For Ubuntu 16.04, the package within the Ubuntu repositories is named upx-ucl, however it may differ in your package manager/repos.

$ apt install upx-ucl

Now ensure that you have built the binary with the above commands. We will then want to decide what level of shrinking we want. All the way from very fast (-1, fast, but binary will be larger), or best (-best, smaller binary, but will take longer to complete). --brute also exists, which will attempt quite a few more times to make it even smaller. You can use -# for an in between from fast to best as well (e.g. -4, -6, etc).

Let’s start off with fast. What size margins do we get from this? (remember the size before was 5.8M):

$ upx -1 -q marill
                       Ultimate Packer for eXecutables
                          Copyright (C) 1996 - 2013
UPX 3.91        Markus Oberhumer, Laszlo Molnar & John Reiser   Sep 30th 2013

        File size         Ratio      Format      Name
   --------------------   ------   -----------   -----------
   6073248 ->   2503732   41.23%  linux/ElfAMD   marill

Packed 1 file.

41.23% (2.4M), awesome! That means that now we’re at a total combined percentage of 26%! But, ok, come on… let’s push it farther. How low can we go?

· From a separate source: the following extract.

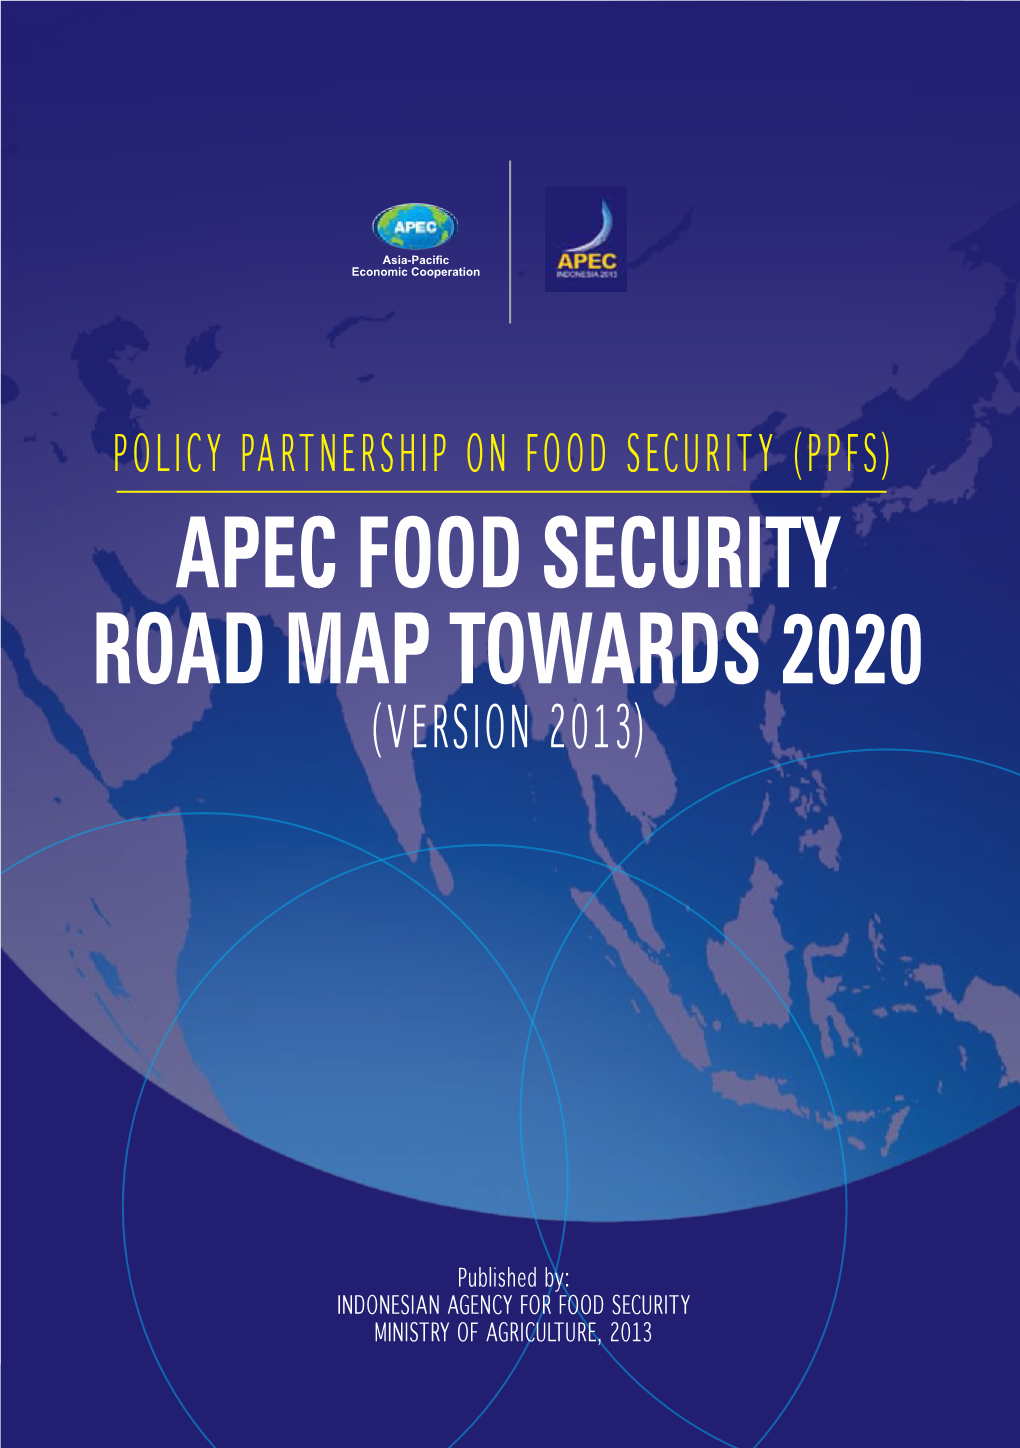 APEC FOOD SECURITY ROAD MAP TOWARDS 2020 (Version 2013)

Let’s try --best with --brute…:

$ upx --best --brute marill
                       Ultimate Packer for eXecutables
                          Copyright (C) 1996 - 2013
UPX 3.91        Markus Oberhumer, Laszlo Molnar & John Reiser   Sep 30th 2013

        File size         Ratio      Format      Name
   --------------------   ------   -----------   -----------
   6073248 ->   1574868   25.93%  linux/ElfAMD   marill

Packed 1 file.

25.93%, which is 1.6M! AWESOME! That’s 17% of the original size! 1.6M is very manageable, and makes distributing your application/utility much faster.

What to do from here?

If you are following the above guide, you are likely making a user-facing application, and not a library. Meaning you probably have a Makefile or some form of script to build it for you, if your application requires external files, you are building things into a .tar.gz or .zip file, etc. How I currently tackle the above processes in my applications and utilities is by using a Makefile. See a very long example of one of these here or maybe here.

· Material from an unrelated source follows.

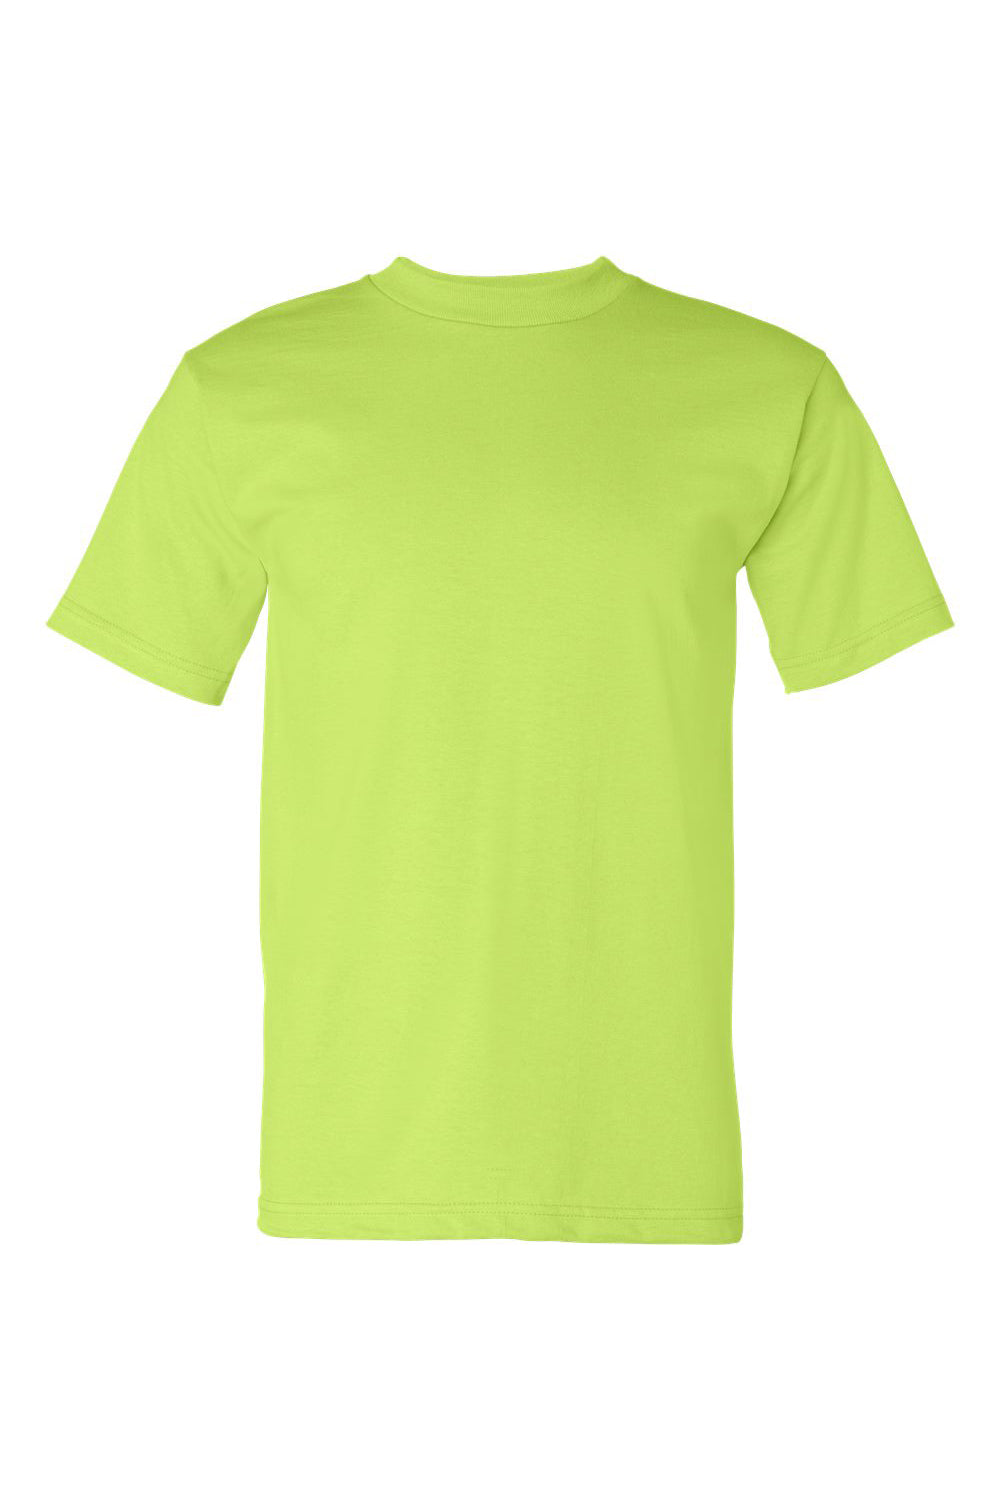 Bayside BA5100 Mens USA Made Short Sleeve Crewneck T-Shirt Lime Green Flat Front

Below is a good starting point for a Go project’s Makefile:

.DEFAULT_GOAL := build

BINARY=your-package-name

LD_FLAGS += -s -w

compress:
	(which upx > /dev/null && upx -9 -q ${BINARY} > /dev/null) || echo "UPX not installed"

build:
	rm -vf ${BINARY}
	go build -ldflags "${LD_FLAGS}" -v -o ${BINARY}

Simply run the above with:

$ make build compress

Or without compression:

$ make build # (or just 'make' will select build by default)

Caveats?

Using the above methods, there are a few caveats and downsides that should be noted, as shown below.

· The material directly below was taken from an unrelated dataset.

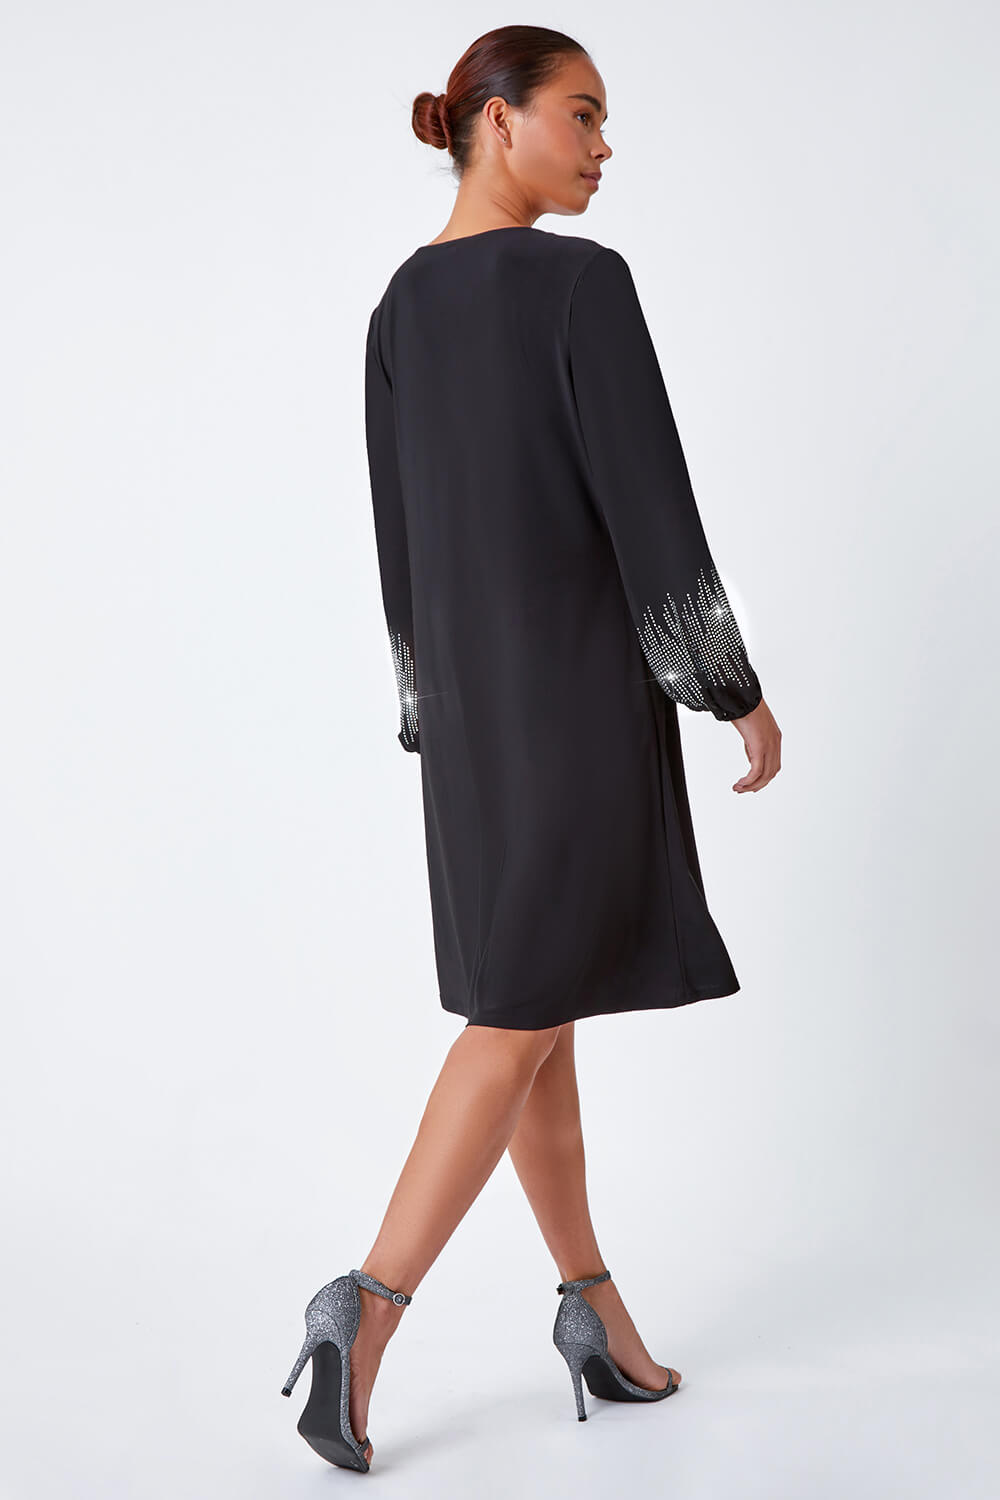 Black Petite Sparkle Sleeve Stretch Dress, Image 3 of 5

  • If you are using Go pre-1.5, I would not recommend using the first method to shrink the size of your binaries. Simply because users have experienced very weird crashes and issues with those flags pre-1.5.
  • If you are using Go pre-1.5, you will also likely need to change the syntax of the ld-flags functionality, because this has changed in 1.5 to use the method I used above.
  • UPX does not work with all binary types. You can run upx --help to get a full list of what is supported, and what isn’t. Most x86 and x64/amd binary types are supported, however you may have issues compressing things on arm, and freebsd (and other less popular architectures/binary types).
  • UPX using the --brute method and --best method does take a bit of time (1-2 minutes on my i7 laptop, with 12gb of ram). However, just dropping --brute will make it much faster with still a considerable size decrease.
  • As mentioned above with using the -s and -w LD_FLAG options, this may make using things like GDB much more difficult, though this should not be an issue in most cases (and, you should be using Delve!)

Now Go have some fun with your small binaries! (see what I did there!)